SBP reduces Exchange Companies SLR requirement

  • The amount of SLR may be kept in current account maintained with SBP as well as invested in unencumbered approved government securities through SBP’s Subsidiary General Ledger Account (SGLA) facility.
Published May 20, 2021

The State Bank of Pakistan (SBP) on Thursday has announced to decrease the Statutory Liquidity Reserve (SLR) requirement of Exchange Companies from 25 percent of Paid-up Capital to 15pc.

"The enhanced liquidity with exchange companies will enable them to further channelize home remittances and foreign exchange," said SBP.

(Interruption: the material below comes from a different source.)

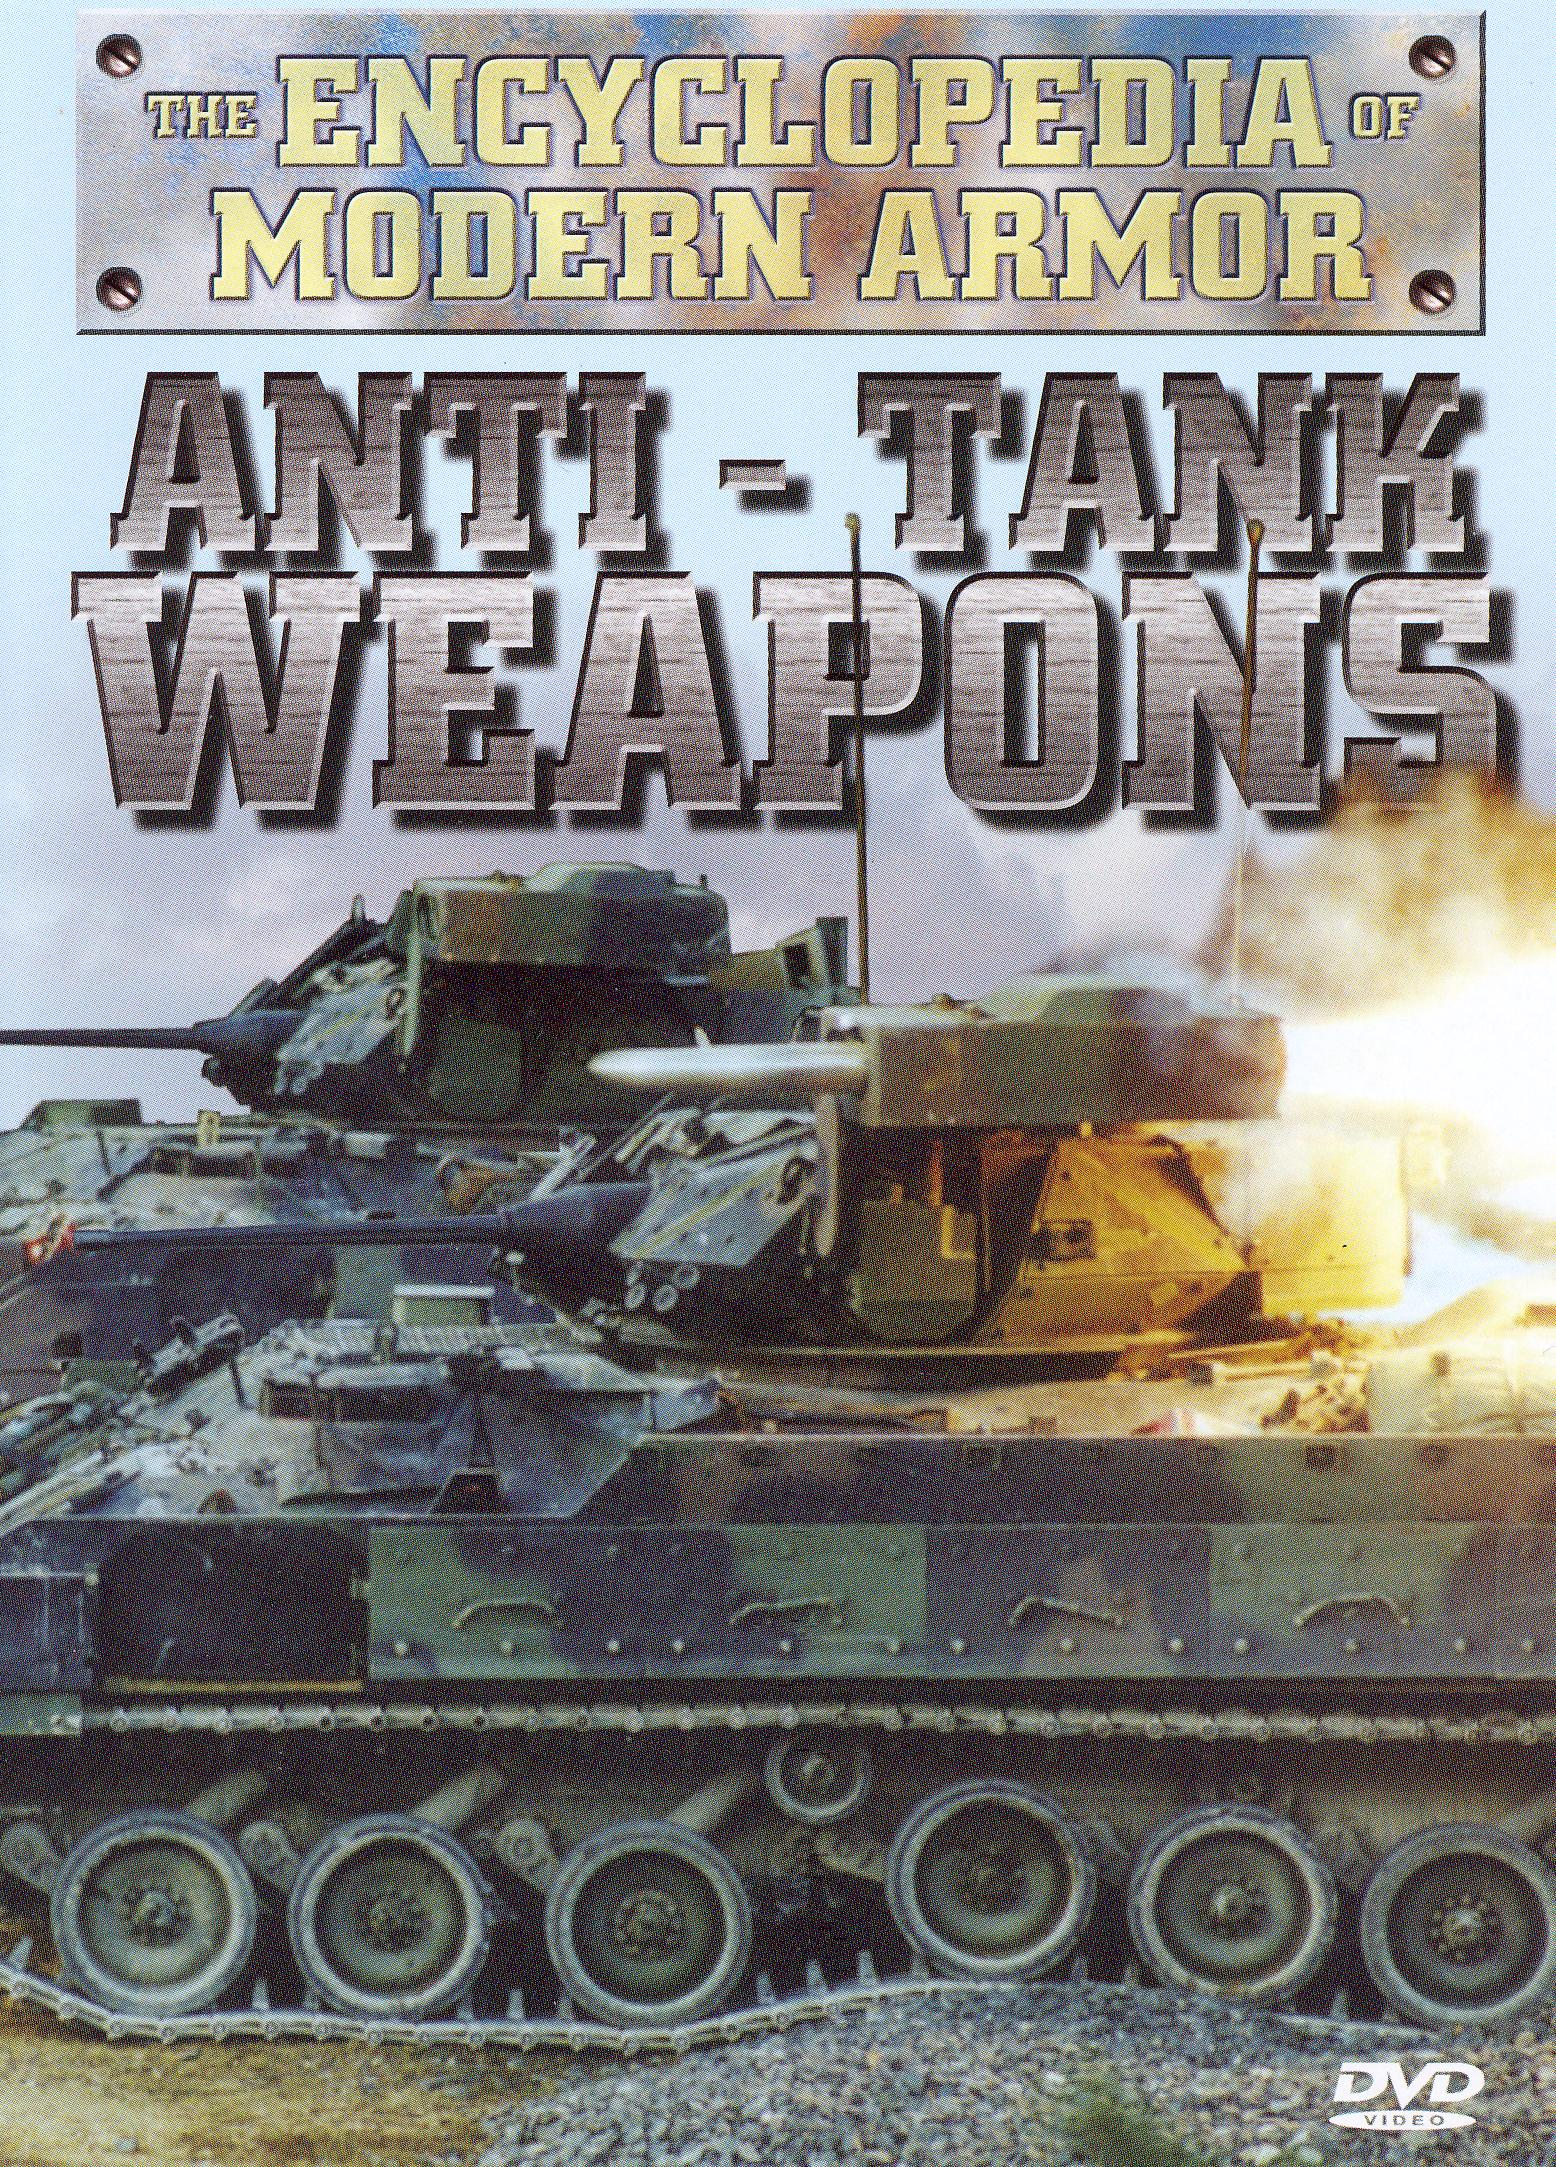 The Encyclopedia of Modern Armor: Anti Tank Weapons

"During the year ended June 2020 Exchange Companies, through their tie-up arrangements abroad, have channelized home remittances of USD 1.44 billion, while this figure stands at USD1.67 billion for ten months of the current year (FY 20-21)," informed the central bank.

Under previous SBP instructions, Exchange Companies were required to maintain 25 percent of Paid-up Capital as SLR with the State Bank of Pakistan. The amount of SLR may be kept in current account maintained with SBP as well as invested in unencumbered approved government securities through SBP’s Subsidiary General Ledger Account (SGLA) facility.

However, in order to facilitate Exchange Companies in managing their liquidity and enhance their business profitability, the requirement of SLR has been decreased from 25pc to 15pc of paid-up capital of Exchange Companies, said the central bank in a circular.

Accordingly, the related instructions contained in the following paras of Exchange Companies Manual stand replaced, as under Para (3) of Chapter (3): “Fifteen (15) percent of the paid-up Capital shall be maintained as Statutory Liquidity Reserve (SLR) with the State Bank in the form of cash and/or unencumbered approved government securities. State Bank would extend current account and SGLA facilities to Exchange Companies.”

Whereas, under sub-para (ii) (f) of Para (2) of Chapter (4): “Franchise Deposit’ is treated as “Second Tier Capital” in the books of the Franchiser. For the purpose of calculation of 15% SLR requirement and 50% of the Exposure Limit, this “Second Tier Capital” is added to the paid-up capital of the Franchiser.

As per SBP instructions, at any point of time, combined exposure of Franchiser and Franchisee should not exceed 50% of the sum of paid-up capital and Second Tier Capital (Franchise Deposit) of the Exchange Company.”

SBP said that this regulatory intervention would provide increased liquidity to Exchange Companies to enable them to play their role in increasing the remittances flow and the public will be further facilitated in timely and conveniently receiving home remittances from more than 1,200 outlets of Exchange Companies across Pakistan.

The central bank informed that presently out of twenty-seven exchange companies of ‘A’ category, 18 exchange companies are providing home remittances services.